Dan Botterill, CEO of Ditto Sustainability, explains how Artificial intelligence (AI) can help towards achieving a more circular economy.
The 4th Industrial revolution conjures imagery of all kinds of technology adaptations and evolutions; driverless cars, the Internet of Things (IoT), robotics and AI – the last of which underpins many applications in this area. The wide scale adoption of AI massively divides opinion. The inability of machine learning and probabilistic AI technologies to ‘self account’ or ‘explain’ how they have reached their conclusions is a very prominent concern for many, particularly those writing the law...
Some camps, led by highly respected scientists and industrialists, are extremely cautious about AI and the potential perils, taking this cynicism one step further. Less driverless cars, more Terminator-style complete species annihilation. The fear being that once machines evolve to a point where they are more intelligent than humans – will they see the need for this parasitic, wasteful organism?

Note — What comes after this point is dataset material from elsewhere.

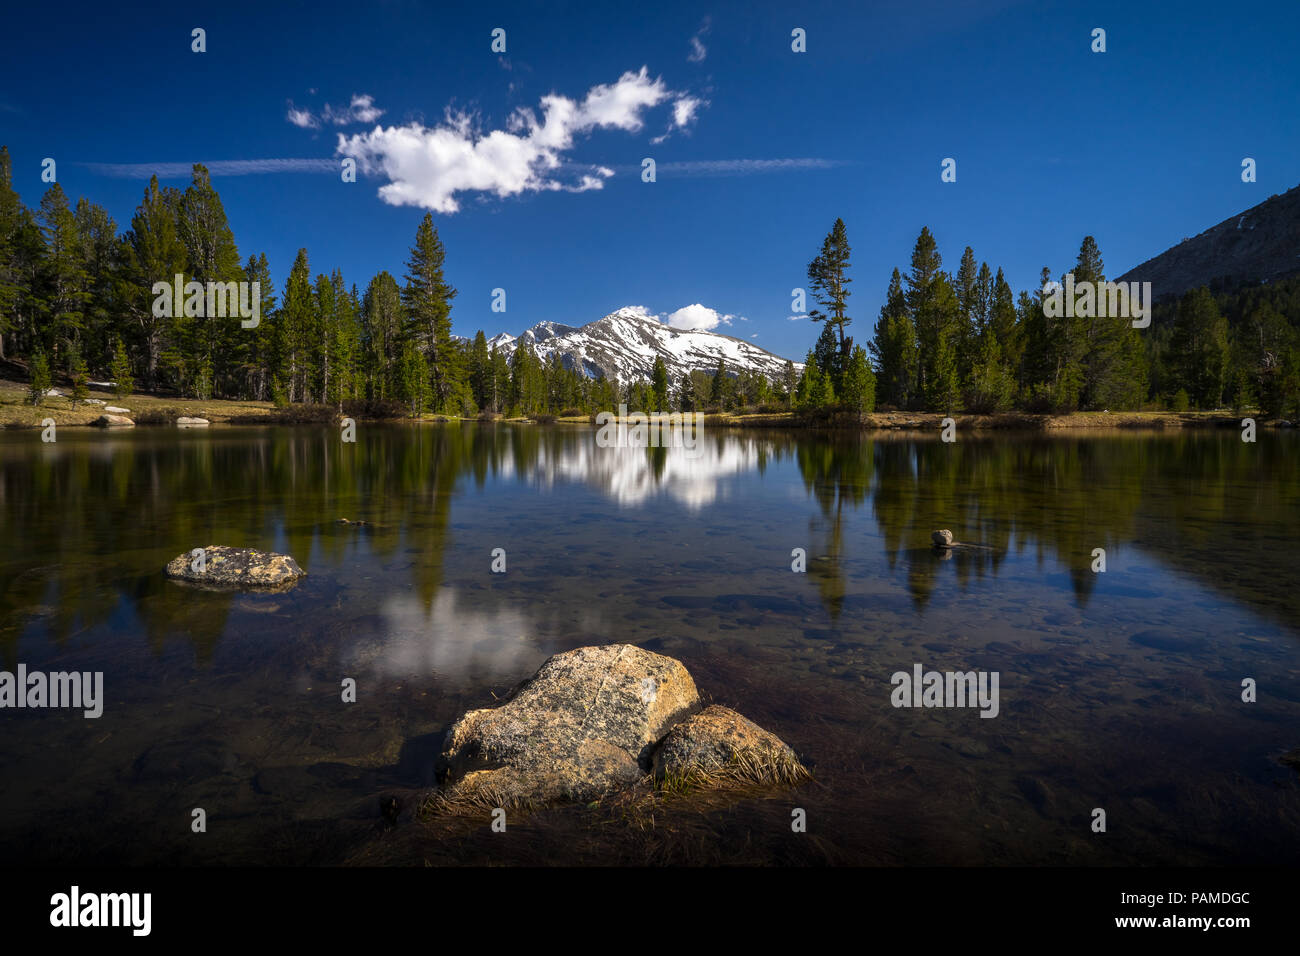 Alpine lake landscape from springtime snowmelt, with reflection of Snowy Mammoth Peak in Distance - Yosemite National Parkm Stock Photo

This is clearly not a suitable vision for the use of technology to drive a circular, sustainable society! And here lies the dilemma on an existential level. Will the machines destroy us or will they save us? It seems hard to theorise a happy medium.
A key opportunity is to harness the considerable processing power of AI to better collate, analyse and interpret complex environmental data and information to understand the issues and prioritise action.
More important, however, is the opportunity to use AI as a platform to democratise sustainability knowledge, enabling us to drive changes in our own behaviour that benefit the planet now and for future generations.
When we talk about the circular economy we often think about waste management and recycling; food waste, single use plastics, packaging and straws. But the circular economy is not simply a waste issue; a circular economy is very much a sustainable economy.
We should also be thinking about renewable energy, water stewardship, social responsibility, design for longevity, upgrading and disassembly. We should be involving our workforce and communities in our economic cycles. AI is here to help.
The current system is broken. Few people hold the knowledge and accessing this knowledge costs too much and is inefficient. That’s the old world and that must change.
In the new world, we will all possess the knowledge to contribute to sustainability. Technology allows the spread of knowledge without borders. The online delivery of information helps us to avoid travel, reduce costs, ensures everyone gets the messages, and can be updated with ease and continually.
This is particularly pertinent in the subset of AI called Expert Automation and Augmentation Software (EAAS). These types of programmes and systems will have a considerable role to play and could be highly disruptive to current business, especially professional services.
From our perspective at Ditto Sustainability, I believe this technology can be utilised to transform the environmental and sustainability consulting sector as we know it.
Our goal is to use AI to harness the expertise of sustainability leaders and visionaries and make it more cost effective, inspirational and accessible for people to use and share. Knowledge that will enable us to implement cleaner technologies, understand complex regulatory drivers, data trends and analysis.
We can put sustainability knowledge into the hands of business and consumers, giving greater reach and scalability to the advice and knowledge businesses need to improve. It will be a revolution in the way we operate a business, ensure it is compliant, improve our employees’ engagement and supply chain performance as well as influence and collaborate with our customers.
AI in a sustainability analytics context can also be highly useful from a compliance perspective. For example, if I buy imported products, I can use compliance tools to ensure the supplier meets my sustainability criteria: slave labour, gender equality, work place quality, water pollution, GHG (greenhouse gas) emissions, renewable energy use, organic farming, waste management, and so on.
Putting sustainability into the core of my business drives sustainability around it too. Technology enables transparency and helps to force companies to change. As a company can see its supply chain, so consumers can see how companies are behaving. They can pressure companies to drive change, pressure leadership, push from bottom up.
This is the use of technology to drive the Circular Economy. And I can do this with continuous real-time monitoring.
We will empower the ethical consumer through technology. But is technology enough to make change happen or is what we really need legislation?
Will voluntary engagements like the Plastics Pact really lead to 70% recycling by 2025? Or do we need obligatory targets and penalties?
4IR will be instrumental in driving a circular economy, particularly AI. However…
Ultimately our vision as a business is to use AI and best available technologies to make the acquisition and deployment of sustainability knowledge more scalable. So we’ve established our own three pillars in terms of how we utilise AI in the form of learning, compliance and data management platforms.